Supporting documentation for studies

Before submitting your study for all necessary approvals you will need to prepare your supporting documentation.  This includes preparation of a full protocol, information sheets for all participants, consent forms and other necessary information (such as invitation letters, questionnaires etc).

In addition, the following documentation is required for submission for HRA approval to enable participating NHS organisations in England to assess and confirm their capacity and capability to deliver the research:

  • completed HRA Schedule of Events (SoE) and Statement of Activities (SoA) templates for non-commercial studies; templates  and guidance on their completion can be found here.
  • for commercially sponsored studies, completed   NIHR Industry Costing Template and the commercial template agreement(s) must be submitted. 


The research protocol forms an essential part of a research project. It is a document that describes, in detail, the plan for conducting the study. The study protocol explains the purpose and function of the study as well as how to carry it out and will act as a ‘manual’ for members of the research team to ensure adherence to the methods outlined. As the study gets underway, it can then be used to monitor the study’s progress and evaluate its outcomes. 

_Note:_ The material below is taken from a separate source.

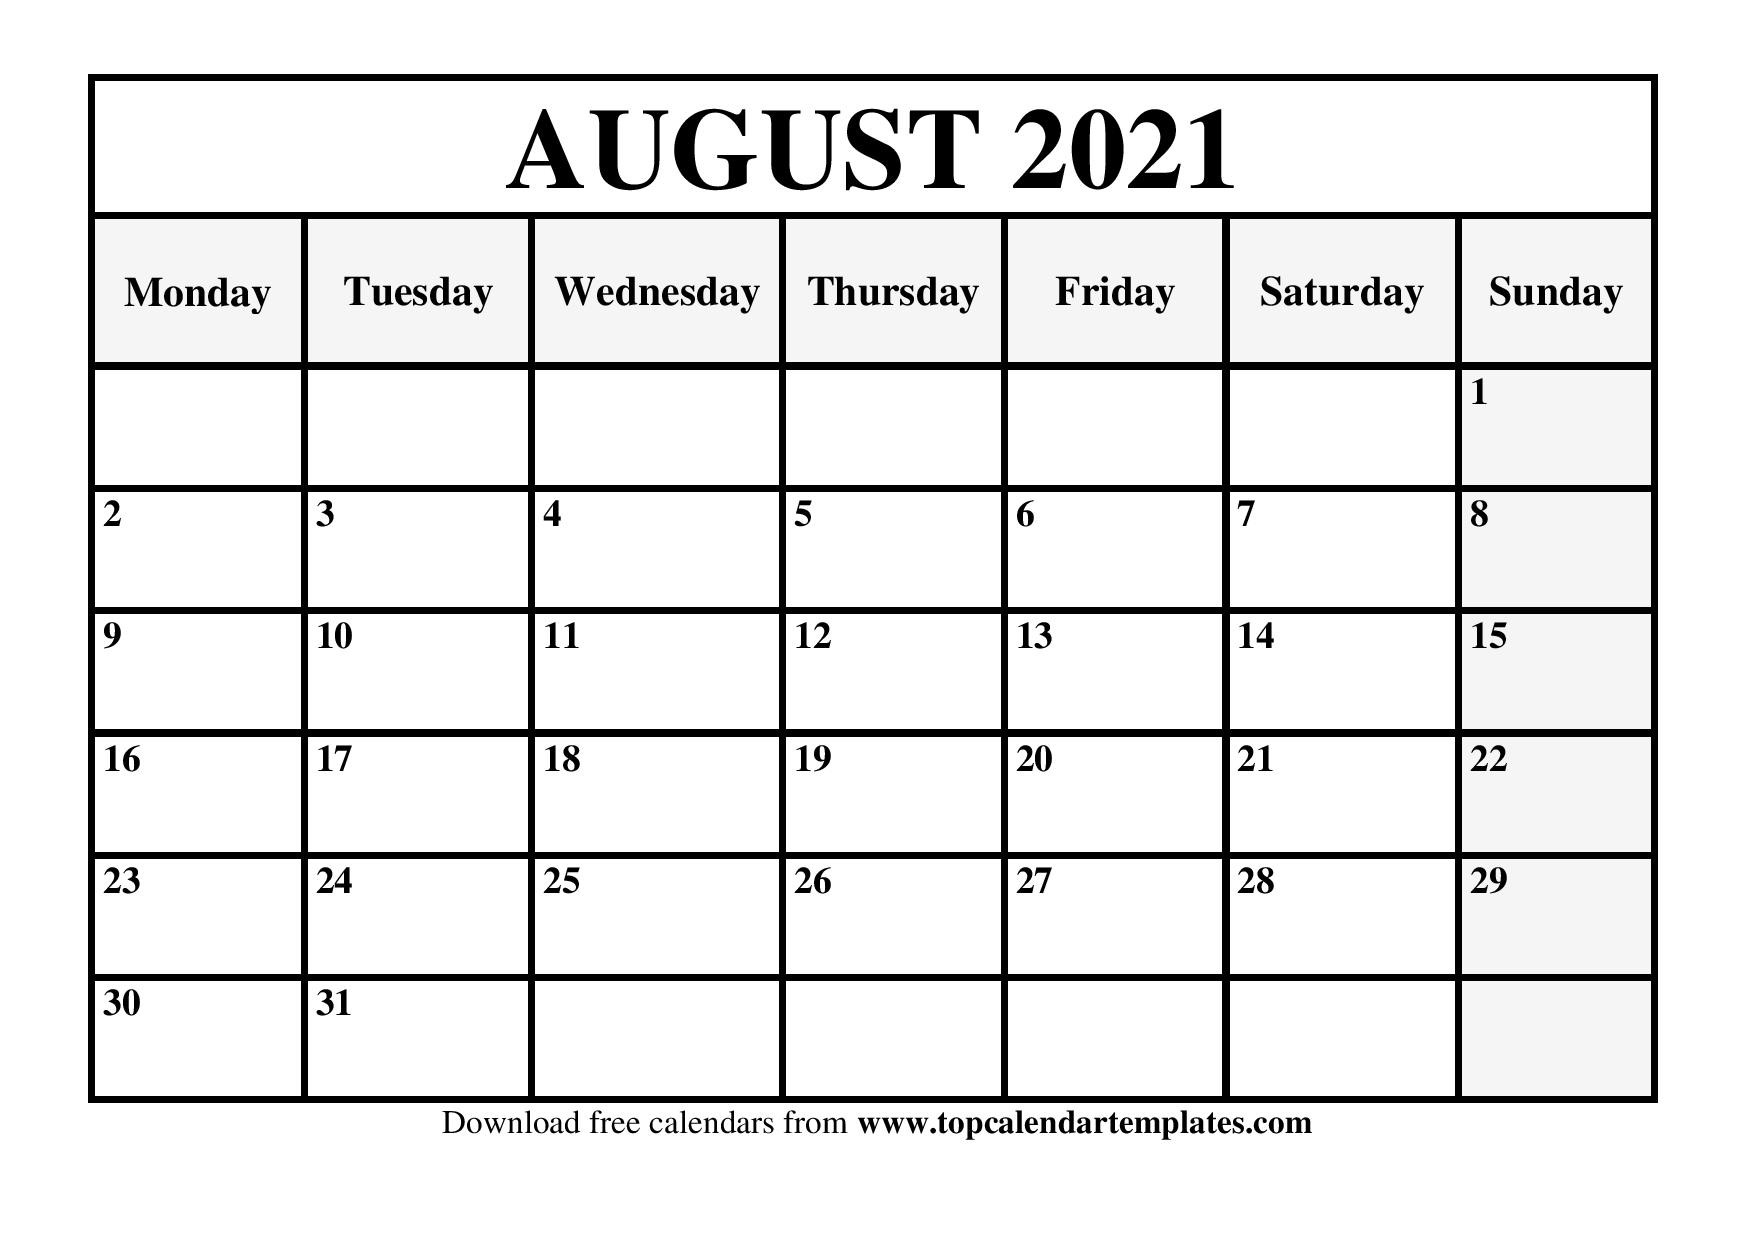 August 2021 Printable Calendar - Monthly Templates-Printable Free 2021 Calendar Without Downloading

The HRA is in the process of developing a suite of protocol guidance and templates for different study types.  Currently a draft template is available for qualitative studies only.  Further detail can be found on the HRA website.


Participant Information Sheets and Consent Forms

The Participant Information Sheet and Consent Form are key documents and a major consideration during ethical review.  These are the documents that will explain your study to potential participants and help them to make an informed decision as to whether to participate.  The preparation of you Patient Information Sheets and Consent Forms will be dictated by the design of your study and the participants involved, as it may be necessary to prepare multiple types of information sheet (e.g. for patients, for carers, for children of different age groups).  Guidance on the content and considerations for preparing participant information sheets and consent form can be found on the HRA website.


If you are inviting participants to participate in your study by post, you might also consider preparing a summary information sheet (1-2 page) to accompany your invitation letter.


Participant Invitation Letters

Depending on the design of your study it is common for participants, particularly in primary care, to be invited to take part in the study by post.  You will therefore need to prepare appropriate invitation letters which can be put on appropriate headed paper and sent out by the participants clinician to allow patients to express an interest in the study.  You should consider:

  • What are you telling them about why they have been approached? (as searches on practice systems may be broad – are you inviting patients who “might” have the condition being studied rather than those who have a confirmed diagnosis?). 

  • Is it clear where study visits are being held? (if they have to attend the hospital, this should be made clear)

  • How participants reply – who will they contact?  How will responses be collated?

  • Will you need to follow-up on any invitation letters and how will you do this?


You may want to consider PPI input into design of any patient facing material and the overall approach to participants.